#### [ACTIVITY]
An image-free reproduction of the data below is needed: print it exactly.

#### [DATA SHOWN]

━━━━━━━━

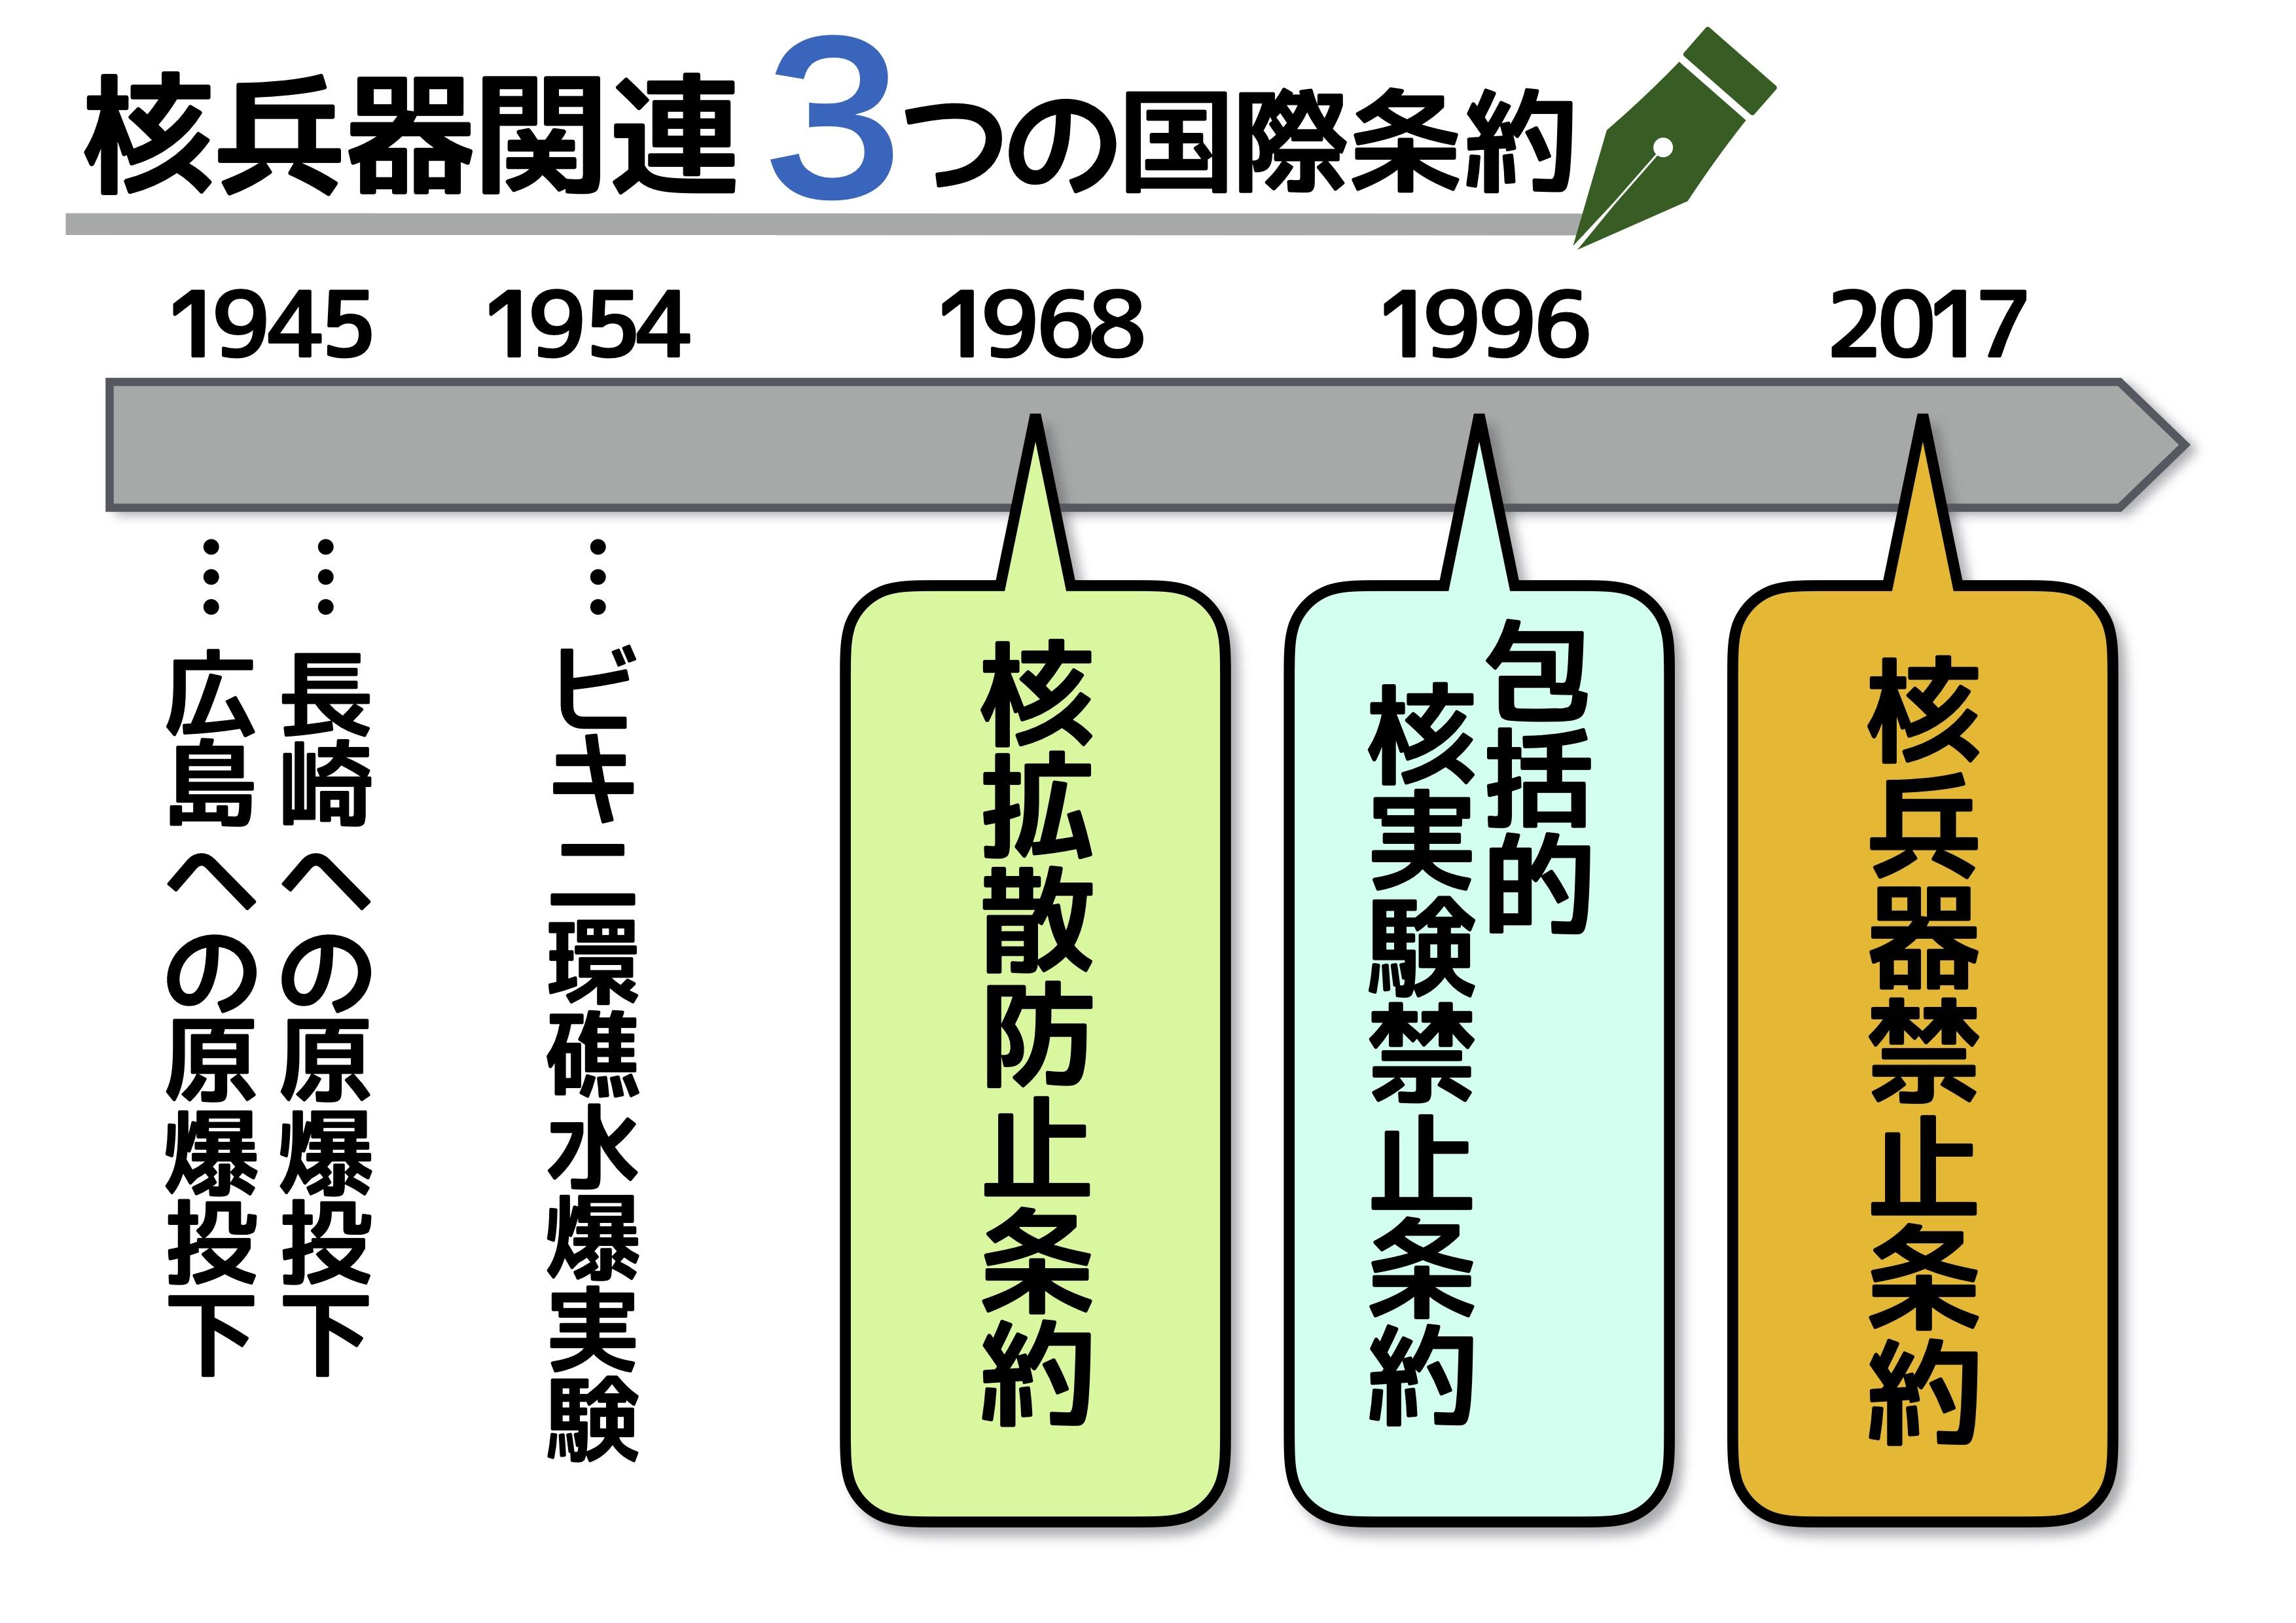 禁止 条約 核兵器
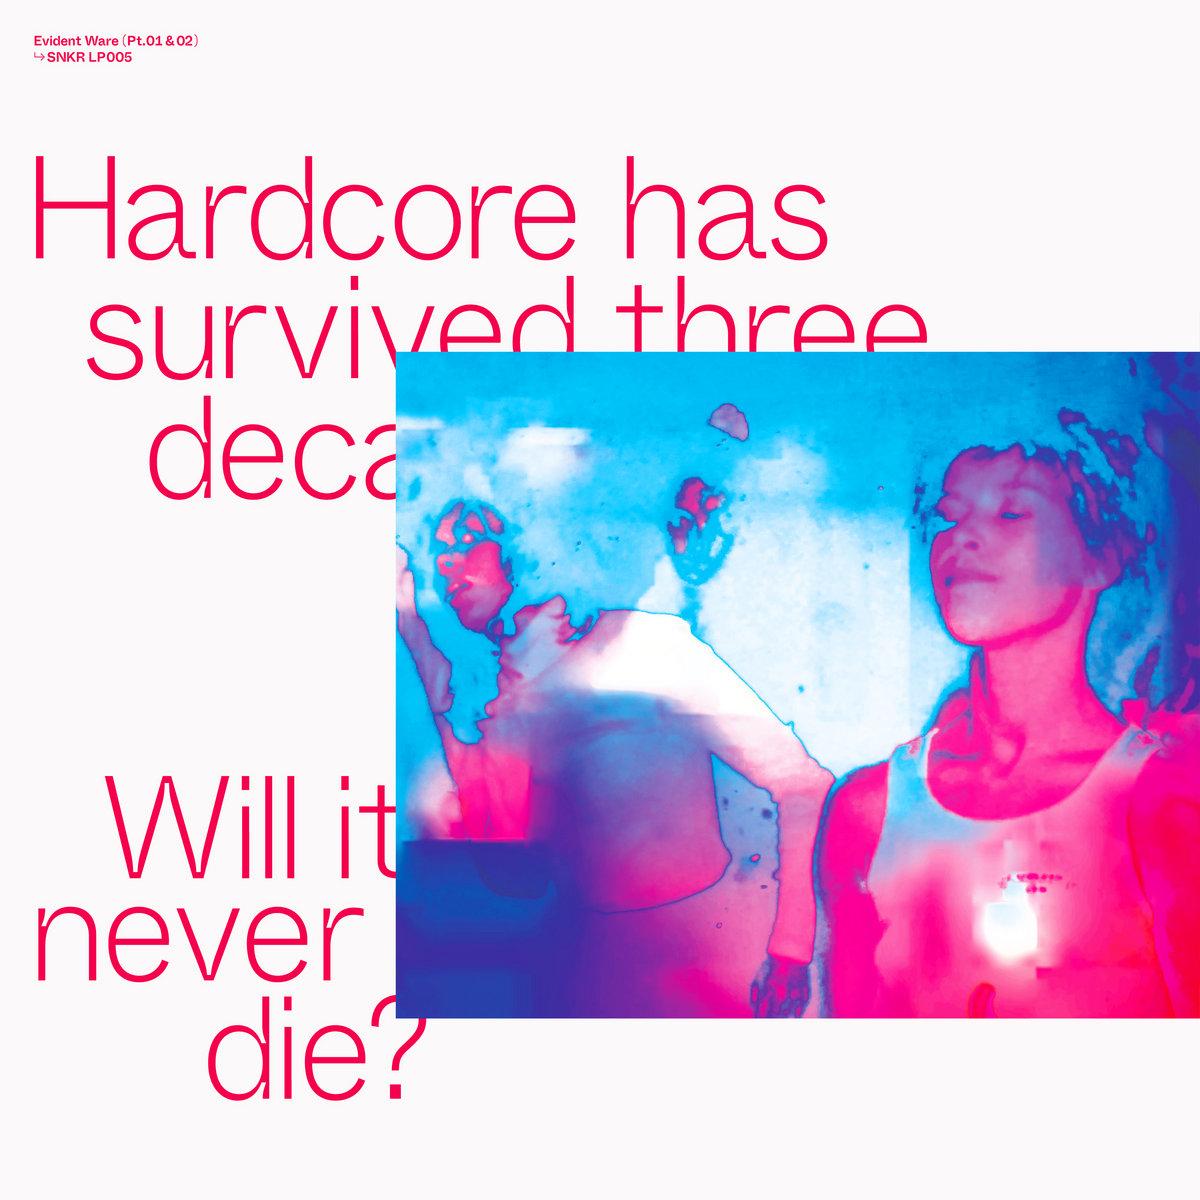 Evident Ware Full LP
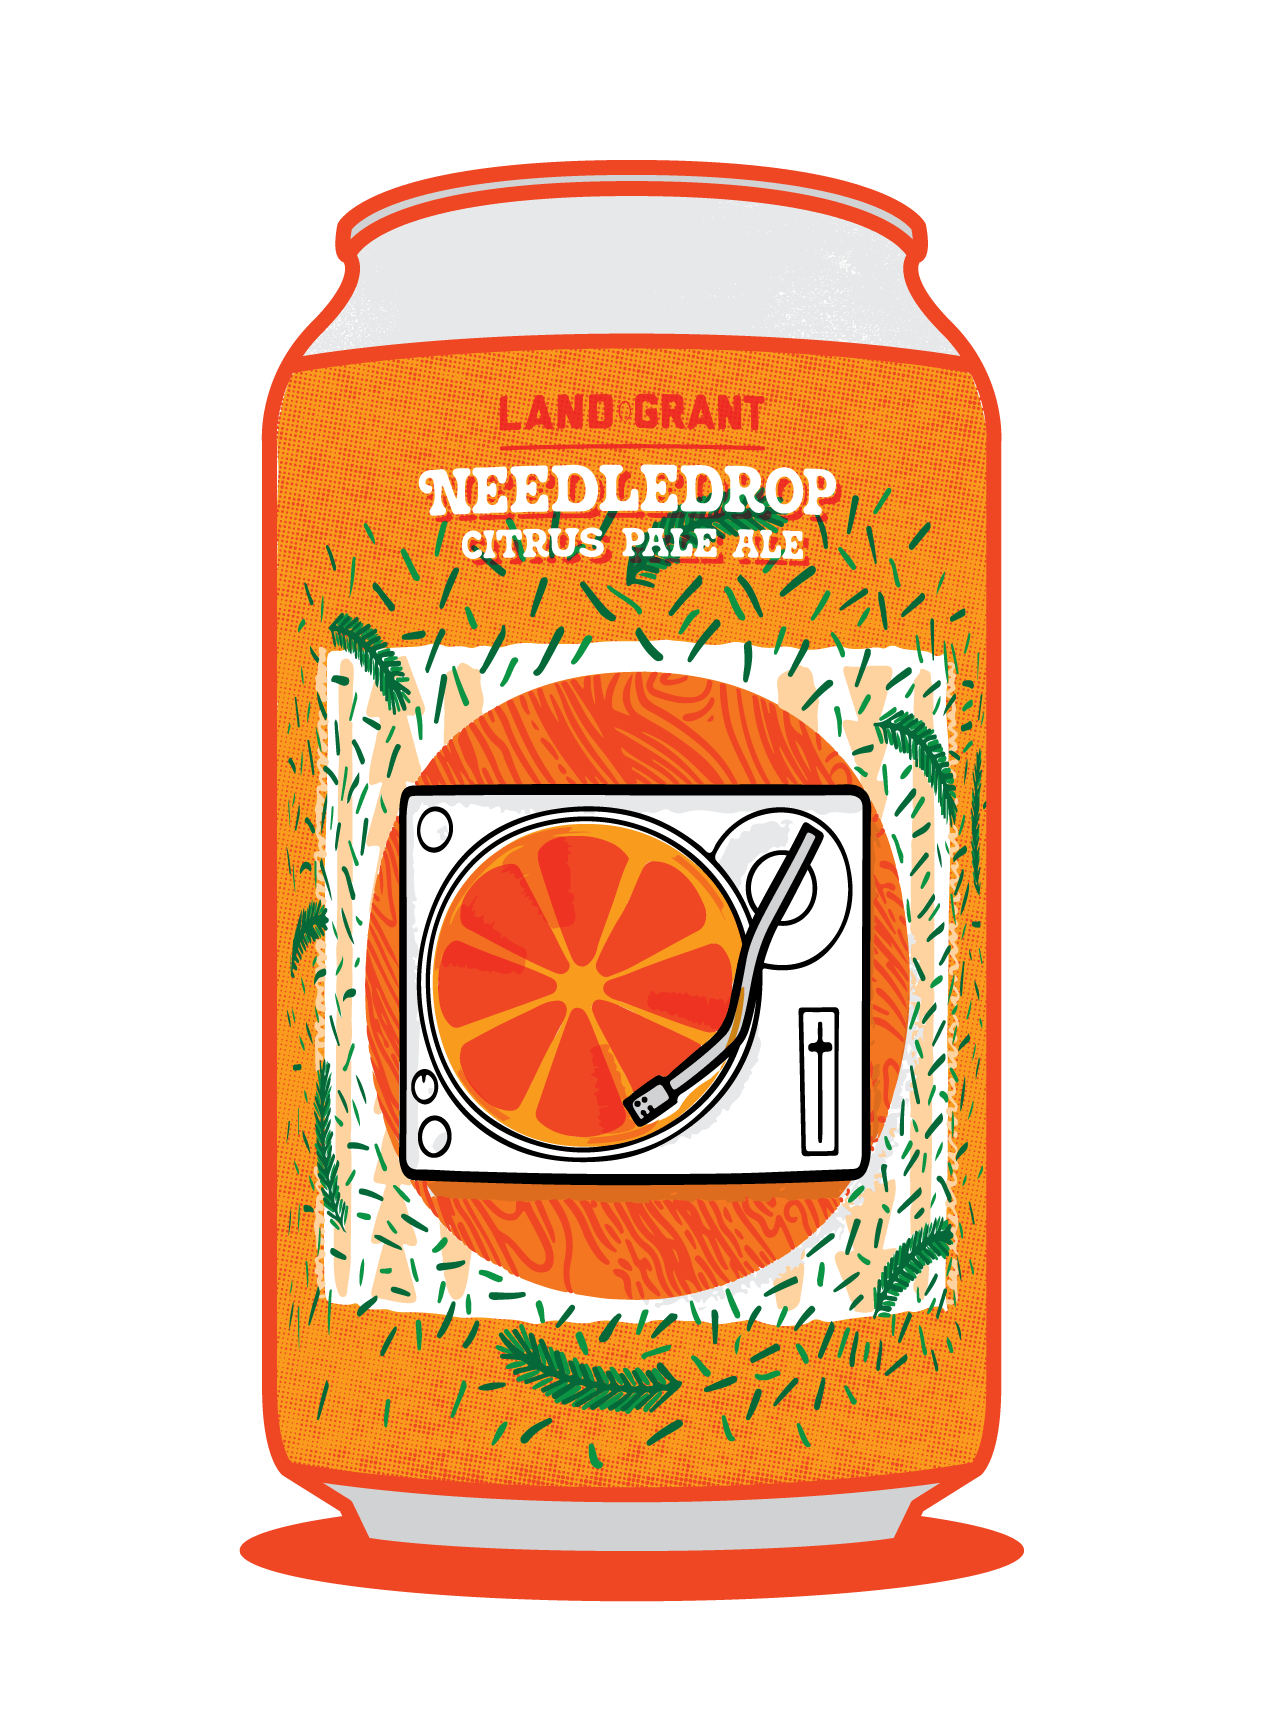 Needledrop Image
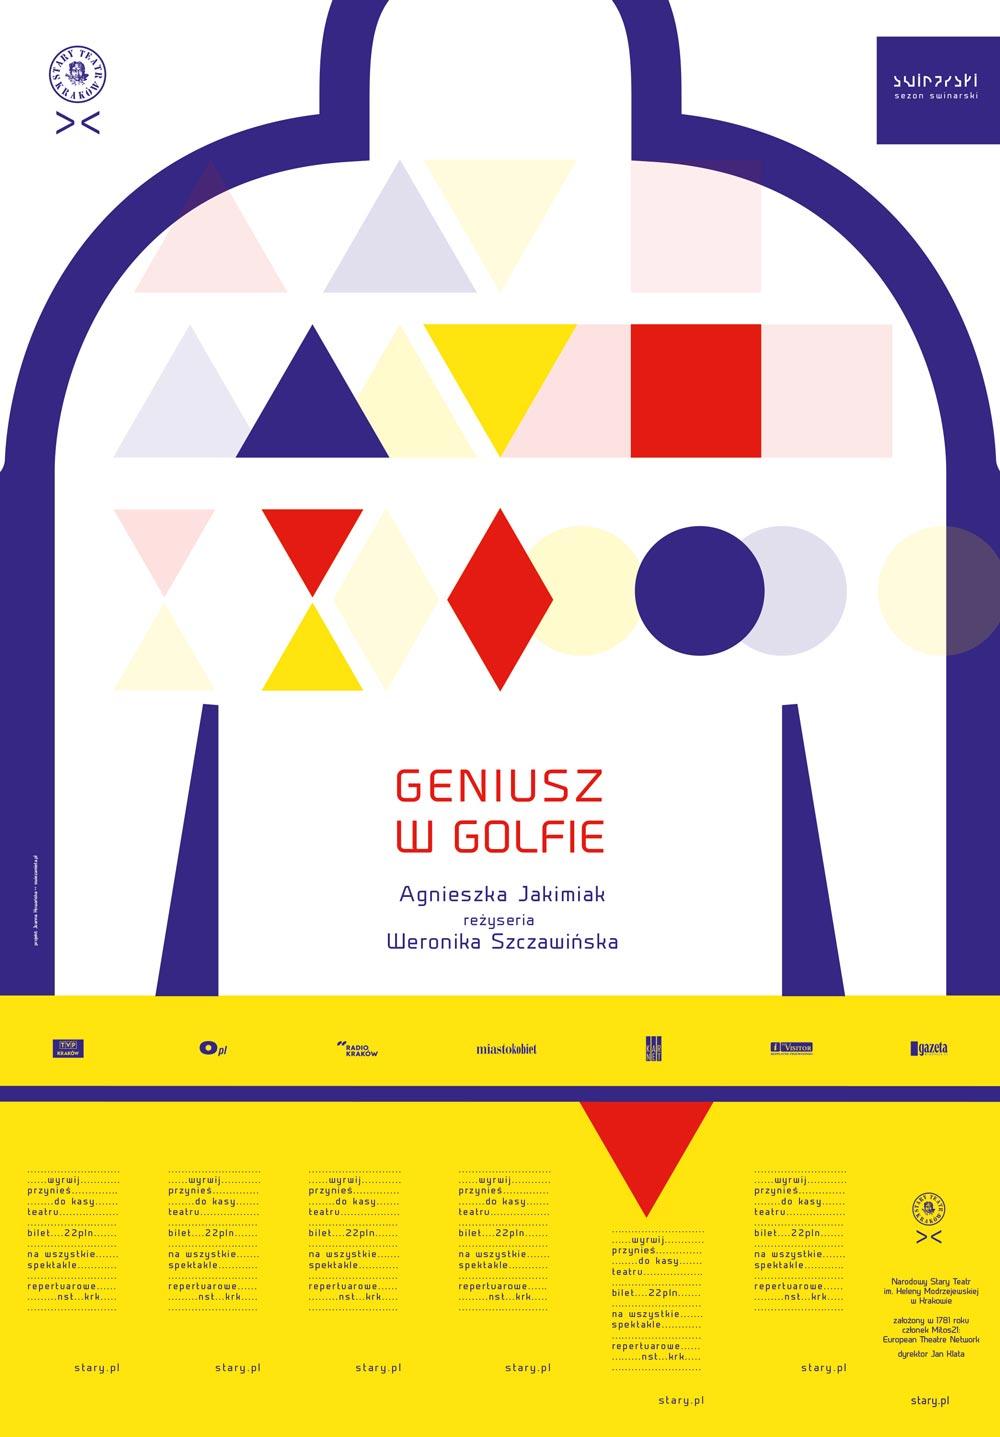 Geniusz w golfie

━━━━━━━━

#### [EXPECTED ANSWER]
 禁止 条約 核兵器
 Evident Ware Full LP
 Needledrop Image
 Geniusz w golfie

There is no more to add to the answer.